- Input data
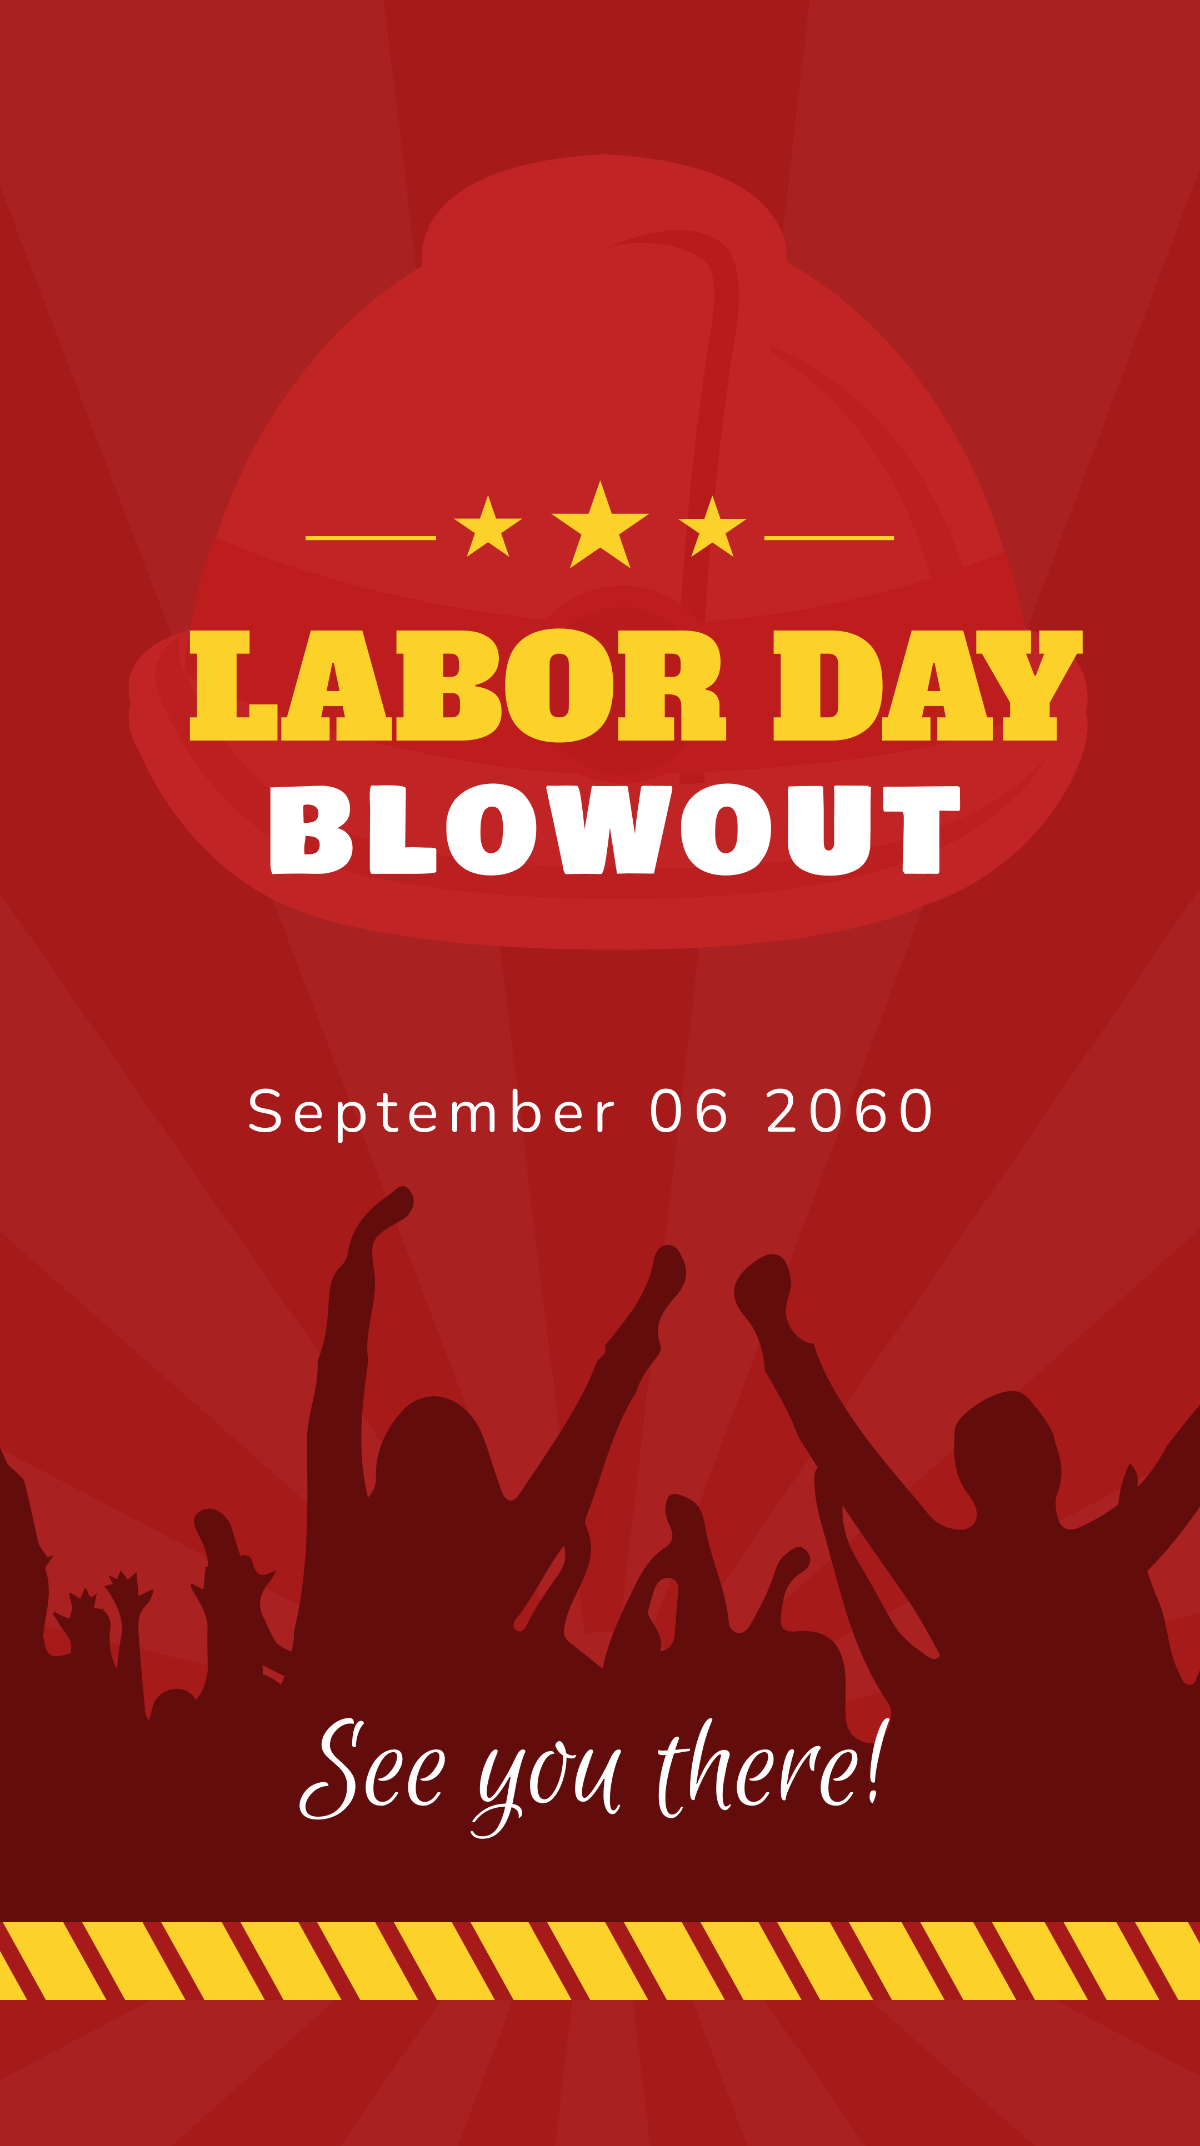 Labor Day Invitation Background Template
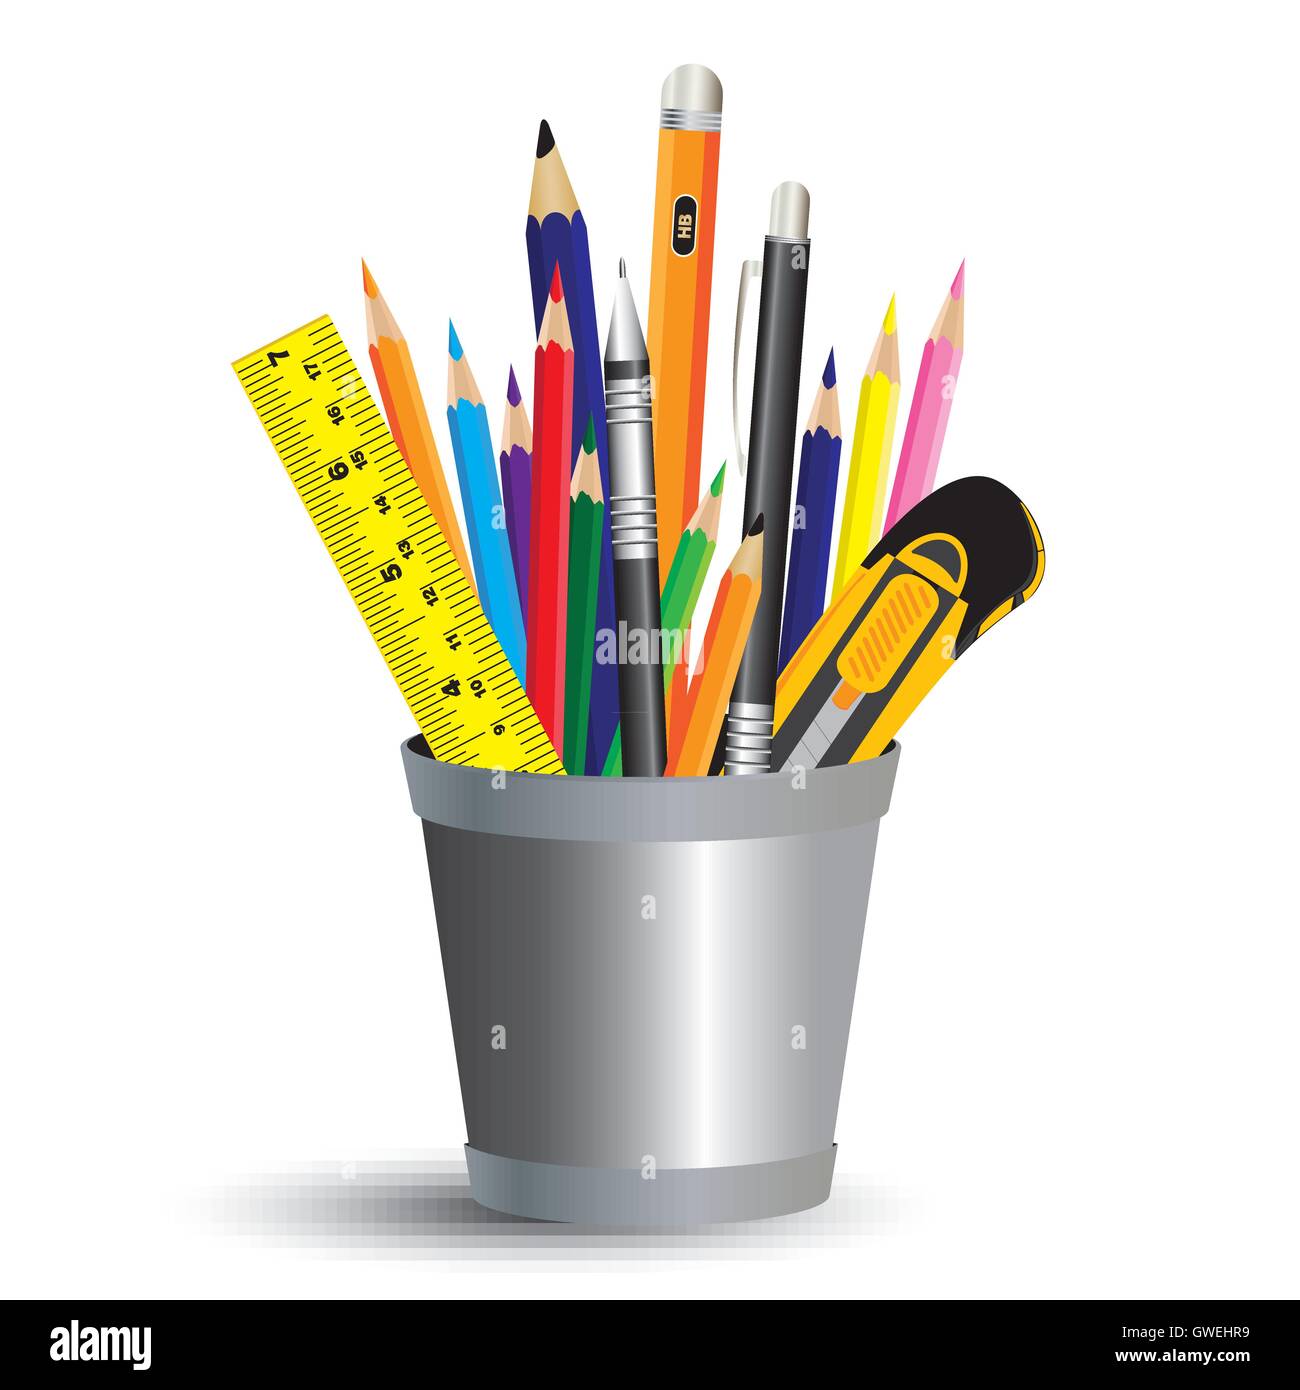 Emoji Icons Stationery Set Pen Pencil Ruler Sharpener & Eraser School Gift 
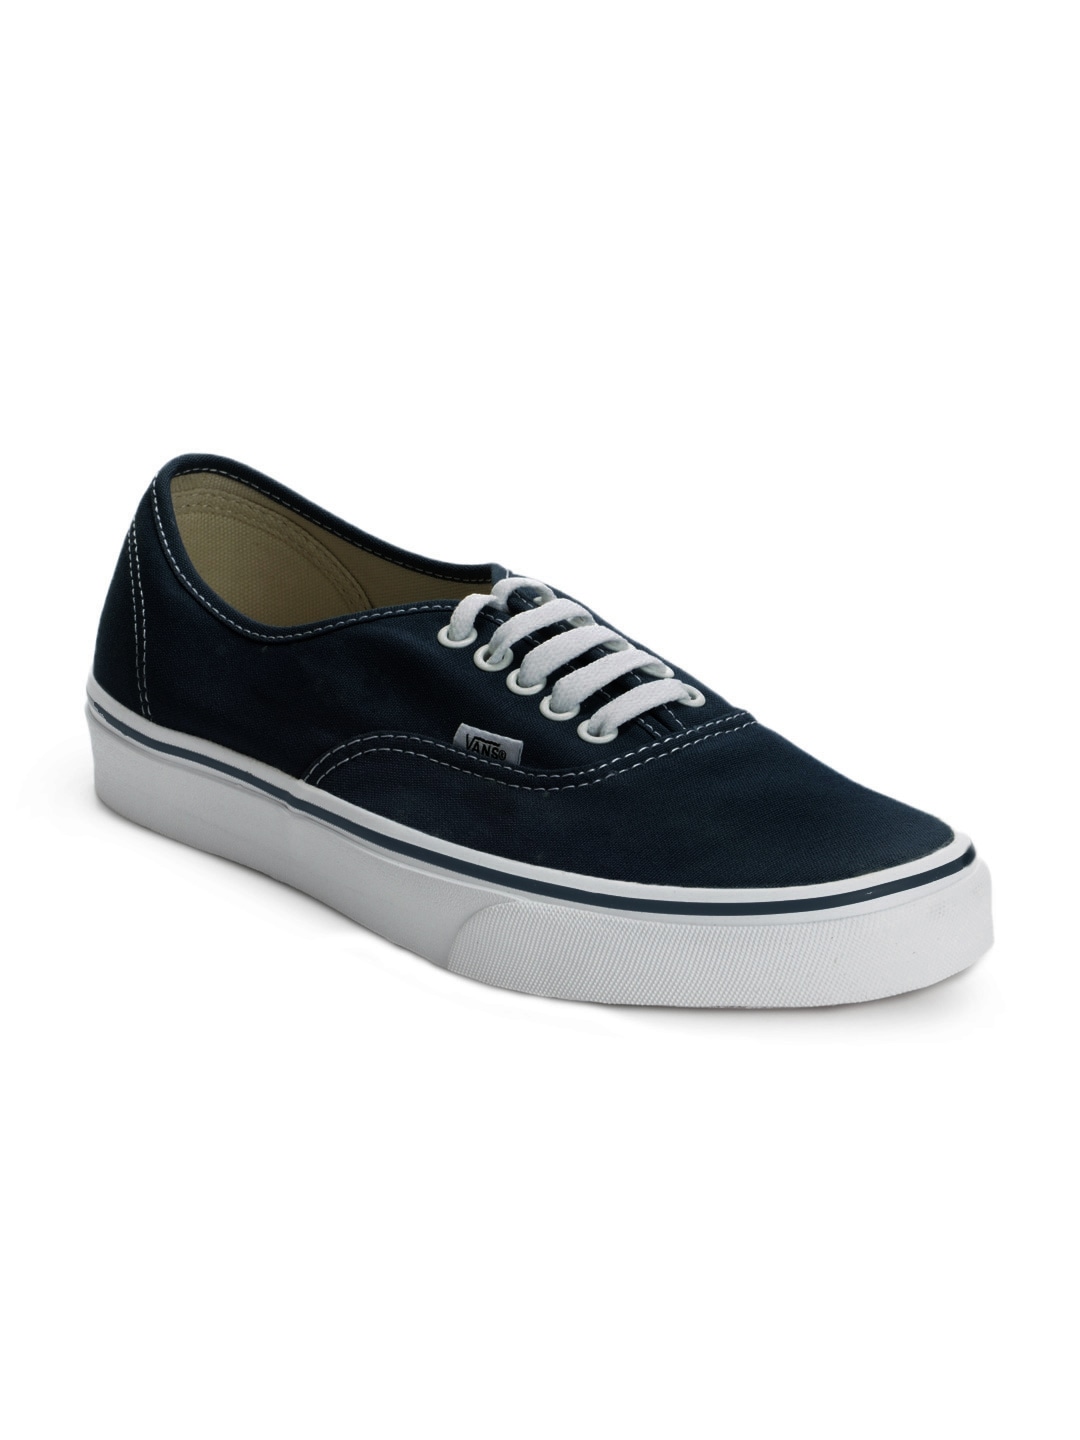 Vans Men Navy Blue Casual Shoes

- What is being asked
Every line of the material must be repeated exactly; pictures stay out.

- Answer section
 Labor Day Invitation Background Template
 Emoji Icons Stationery Set Pen Pencil Ruler Sharpener & Eraser School Gift 
 Vans Men Navy Blue Casual Shoes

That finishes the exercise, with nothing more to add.